Man kann statt zu kämpfen aber auch andere Dinge tun, wie z.B. geschwächte Charaktere heilen, auch das hängt natürlich von den verbliebenen Punkten und den vorhandenen Items ab. Und nicht zuletzt gibt es auch noch die sogenannten Aeonen, starke Wesen, die man zur Unterstützung herbeirufen kann und die natürlich ebenfalls besondere Eigenschaften und Stärken aufweisen. Einige von ihnen werden Fans noch aus den Vorgängerversionen kennen, andere sind neu hinzugekommen.



Dieses einfach strukturierte System beinhaltet dennoch taktische Feinheiten, die aus den unterschiedlichen Fähigkeiten der einzelnen Charaktere sowie der Zugreihenfolge resultieren. Es wird einem also auch beim Kämpfen nicht langweilig, zumal es auch hier nicht an grafischen Effekten mangelt, wo oft allein das Zusehen schon ein Genuss ist.

Um den stetig stärker werdenden Feinden gewachsen zu sein, muss man also Erfahrungspunkte bzw. Spheren sammeln.

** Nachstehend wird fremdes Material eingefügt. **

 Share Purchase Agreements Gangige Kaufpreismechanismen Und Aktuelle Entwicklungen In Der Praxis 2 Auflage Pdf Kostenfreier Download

Diese erhält man nach erfolgreich absolvierten Kämpfen oder findet eben Gegenstände, welche die Charaktereigenschaften verbessern, indem sie Stärke oder Gesundheit erhöhen und so weiter.

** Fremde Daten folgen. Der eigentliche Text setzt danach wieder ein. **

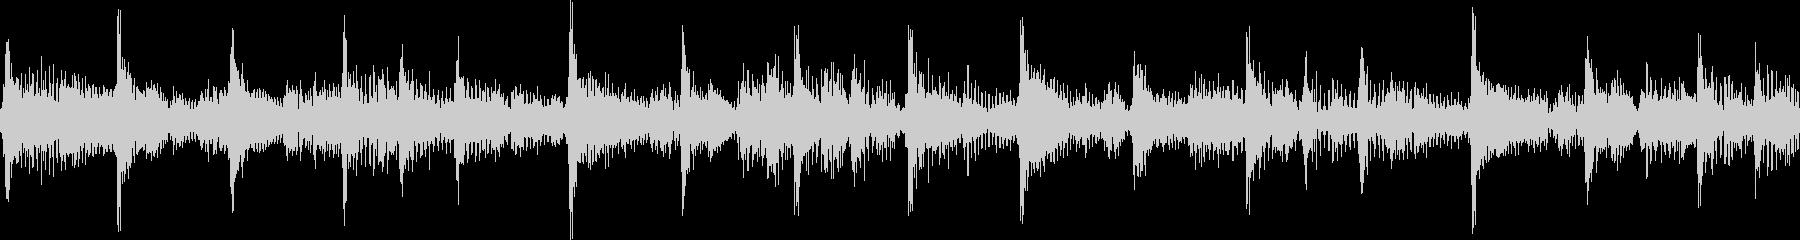 ファンキーで軽快なジングル_ループの未再生の波形

Will man nun die Eigenschaften eines Charakters verbessern, wechselt man mit ihm auf das sogenannte Sphereboard, eine Art Spielbrett, auf dem sich durch Wege verbundene Punkte befinden, die man freischalten muss, indem man den Helden dorthin bewegt. Je nach Punkt kann man so eine Eigenschaft verbessern oder neue Fähigkeiten erlernen, sofern man die Bedingungen dafür erfüllt (Charakterlevel, richtiger Sphere etc.). Dieses System ist neu bei FF und zu Beginn auch etwas verwirrend, doch man kommt schnell dahinter, wenngleich die Sinnhaftigkeit dieser Neuerung nicht wirklich ganz klar ist. Zum sehr guten Gesamteindruck des Spiels passt auch der Sound, der jetzt optional sogar in Dolby Surround aus den Lautsprechern kommt und die unterschiedlichen Situationen stimmig untermalt, ohne aufdringlich zu wirken. Neu hinzugekommen ist in FF X auch die Sprachausgabe, die man ebenfalls als gelungen bewerten kann, wenngleich die Übersetzungen nicht immer dem Sinn des Originals entsprechen.

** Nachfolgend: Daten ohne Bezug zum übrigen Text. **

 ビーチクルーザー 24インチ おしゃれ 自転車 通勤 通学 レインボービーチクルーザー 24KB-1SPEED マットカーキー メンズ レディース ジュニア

Mit der Jubiläumsausgabe von Final Fantasy haben Squaresoft wieder ein wahres Meisterwerk vollbracht, das jeden Cent des Kaufpreises wert ist. Das betrifft sowohl die Spieldauer als auch die grafische Gestaltung und nicht zuletzt die Ausgewogenheit des Spiels, bei der weder Cut-Szenen zu lang geraten sind oder Kämpfe zu häufig vorkommen. Und Dank des guten Gameplays können nun sowohl Neulinge als auch gestandene FF-Fans wieder in ein spannendes Abenteuer versinken.